Guilt Has Staying Power

hands-in-bloodHere is a long but fascinating essay on how despite the loss of God in our culture we are still guilty and how that guilt leads us to identify with victims and in many cases become victims.  Throughout the author discusses forgiveness as therapy, the idea of war reparations, the loss of the concept of sin, and the rash of fabricated memoirs and what those indicate about our world. My take away is that without the substitutionary atonement of Christ there is no remission of guilt. Without Christ men will try to alleviate their guilt, but without success. Here are a couple of paragraphs to get you started.

In the new therapeutic dispensation, however, forgiveness is all about the forgiver, and his or her power and well-being. We have come a long way from Shakespeare’s Portia, who spoke so memorably in The Merchant of Venice about the unstrained “quality of mercy,” which “droppeth as the gentle rain from heaven” and blesses both “him that gives and him that takes.” And an even longer way from Christ’s anguished cry from the cross, “Forgive them, for they know not what they do.”And perhaps even further yet from the most basic sense of forgiveness, the canceling of a monetary debt or the pardoning of a criminal offense, in either case a very conscious suspension of the entirely rightful demands of justice.

We still claim to think well of forgiveness, but it has in fact very nearly lost its moral weight by having been translated into an act of random kindness whose chief value lies in the sense of personal release it gives us. “Forgiveness,” proclaimed the journalist Gregg Easterbrook writing at Beliefnet, “is good for your health.” Like the similar acts of confession or apology, and other transactions in the moral economy of sin and guilt, forgiveness is in danger of being debased into a kind of cheap grace, a waiving of standards entirely, standards without which such transactions have little or no moral significance. Forgiveness only makes sense in the presence of a robust conception of justice. Without that, it is in real danger of being reduced to something passive and automatic and flimsy—a sanctimonious way of saying that nothing really matters very much at all…

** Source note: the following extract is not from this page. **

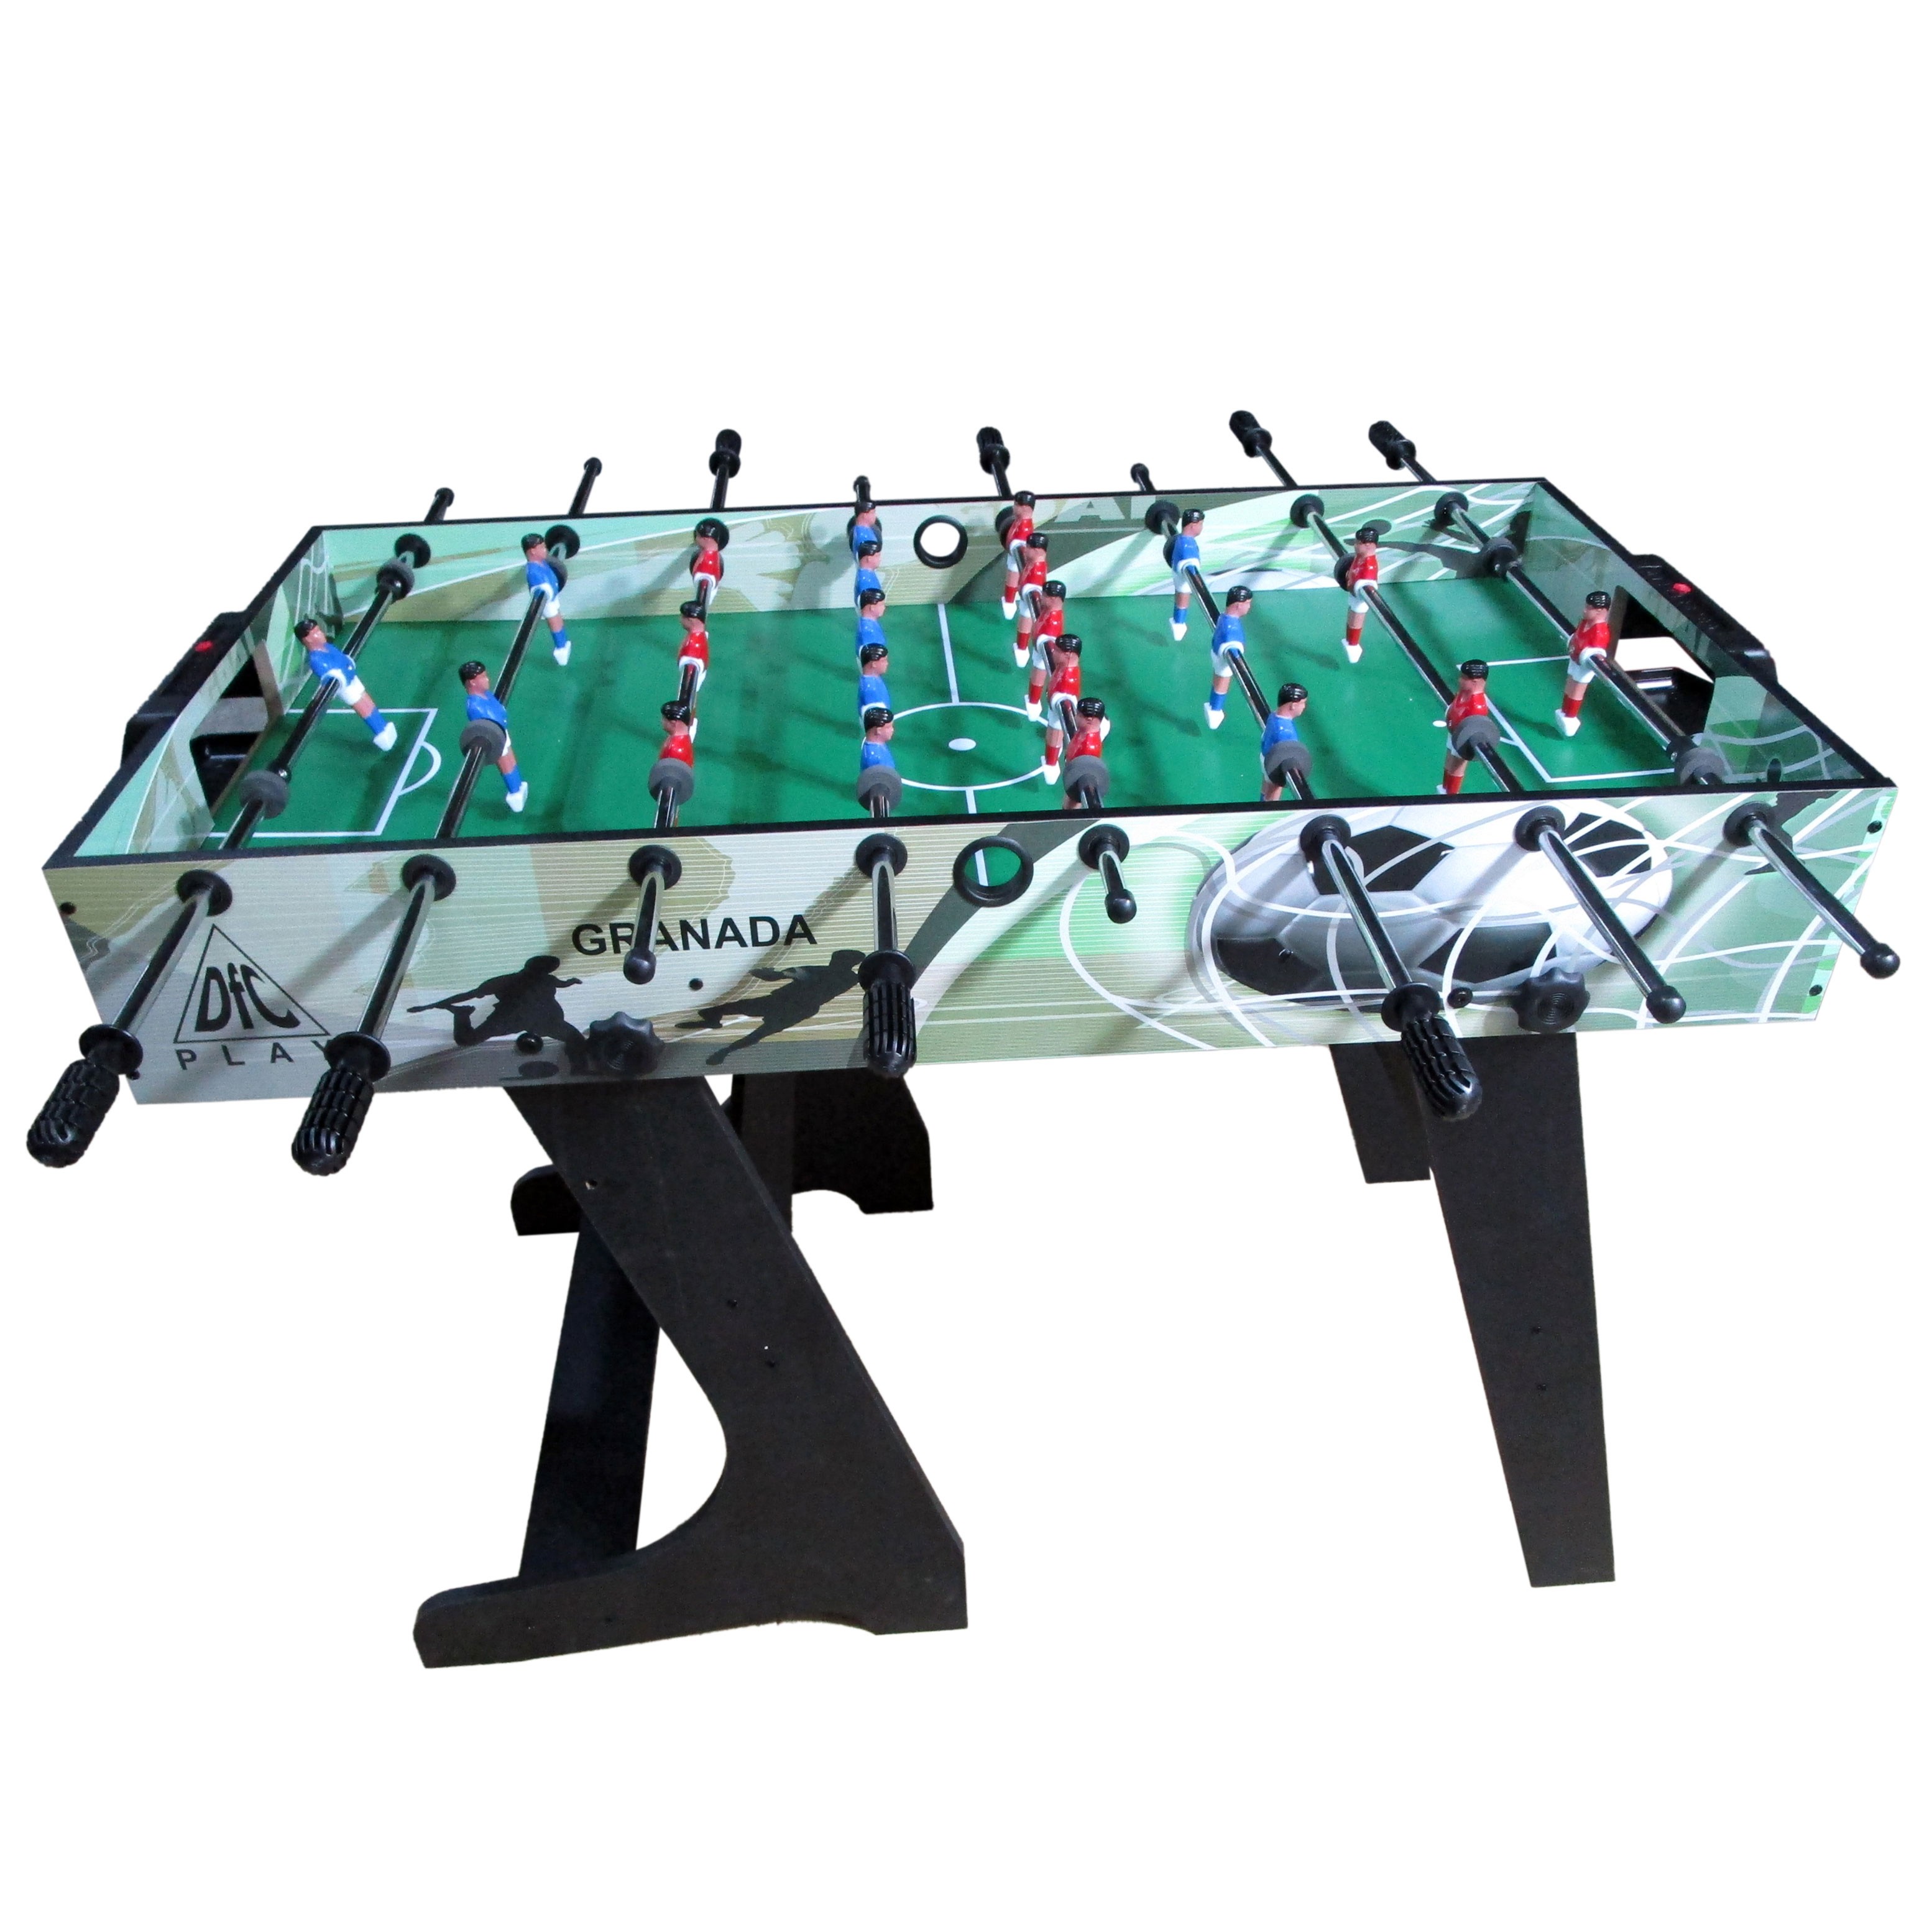 Игровой стол - футбол DFC GRANADA складной GS-ST-1470, изображение 2
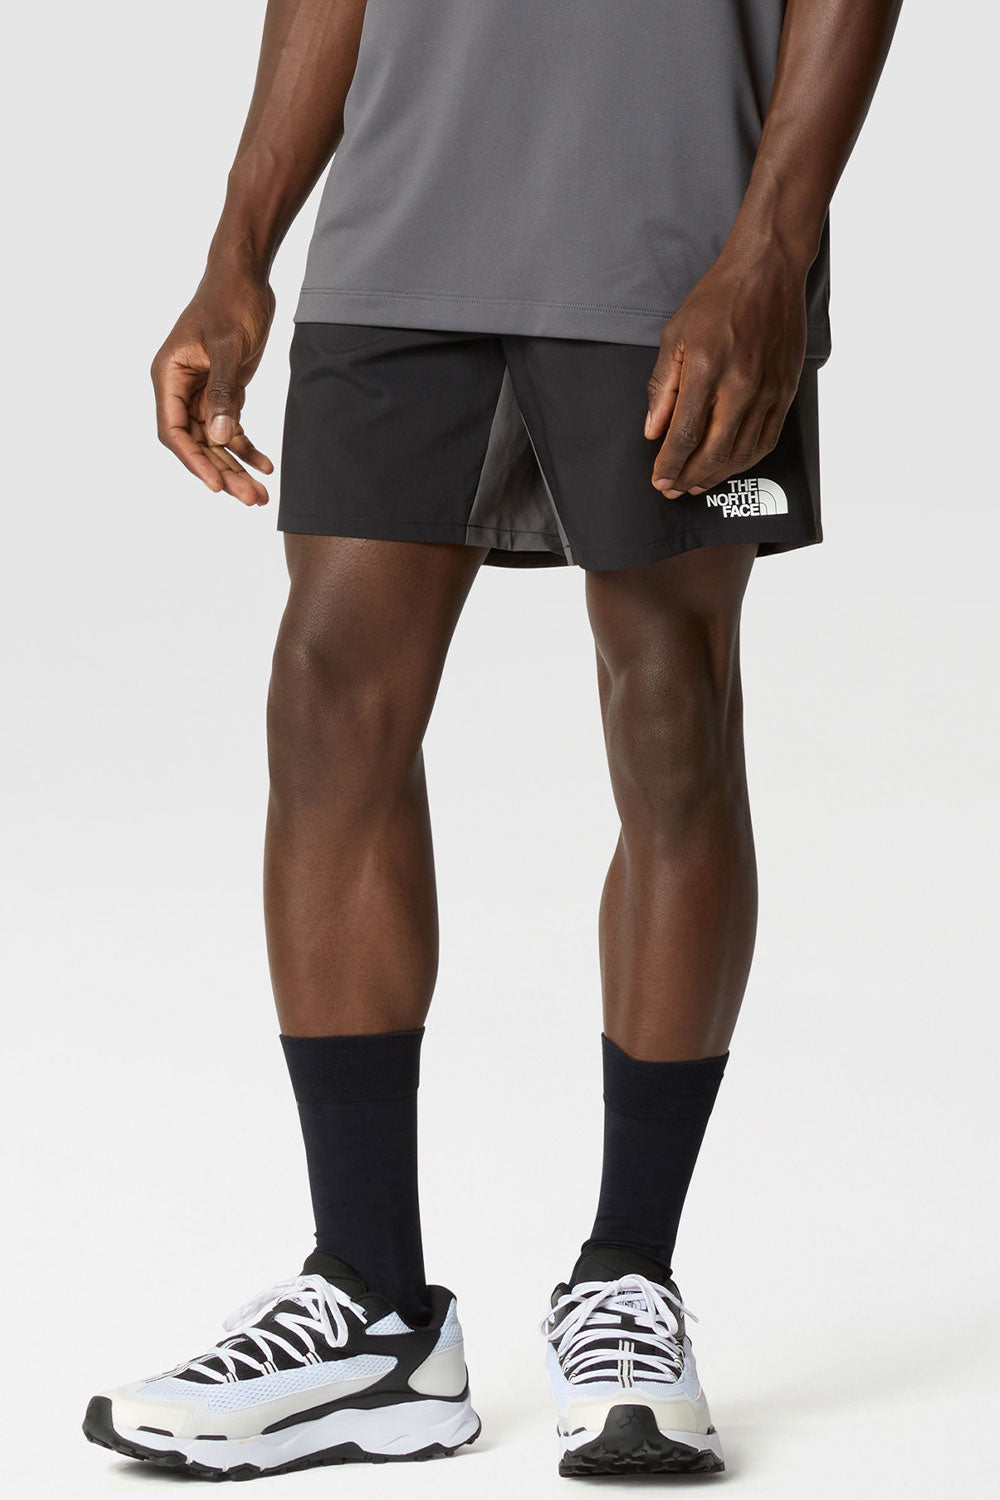 דה נורת׳ פייס מכנסי ספורט MA בצבע שחור אפור לגברים-The North Face-XS-נאקו

Victimhood at its most potent promises not only release from responsibility, but an ability to displace that responsibility onto others. As a victim, one can project onto another person, the victimizer or oppressor, any feelings of guilt he might harbor, and in projecting that guilt lift it from his own shoulders. The result is an astonishing reversal, in which the designated victimizer plays the role of the scapegoat, upon whose head the sin comes to rest, and who pays the price for it. By contrast, in appropriating the status of victim, or identifying oneself with victims, the victimized can experience a profound sense of moral release, of recovered innocence. It is no wonder that this has become so common a gambit in our time, so effectively does it deal with the problem of guilt—at least individually, and in the short run, though at the price of social pathologies in the larger society that will likely prove unsustainable…

For all its achievements, modern science has left us with at least two overwhelmingly important, and seemingly insoluble, problems for the conduct of human life. First, modern science cannot instruct us in how to live, since it cannot provide us with the ordering ends according to which our human strivings should be oriented. In a word, it cannot tell us what we should live for, let alone what we should be willing to sacrifice for, or die for.

And second, science cannot do anything to relieve the guilt weighing down our souls, a weight to which it has added appreciably, precisely by rendering us able to be in control of, and therefore accountable for, more and more elements in our lives—responsibility being the fertile seedbed of guilt. That growing weight seeks opportunities for release, seeks transactional outlets, but finds no obvious or straightforward ones in the secular dispensation. Instead, more often than not we are left to flail about, seeking some semblance of absolution in an incoherent post-Christian moral economy that has not entirely abandoned the concept of sin but lacks the transactional power of absolution or expiation without which no moral system can be bearable.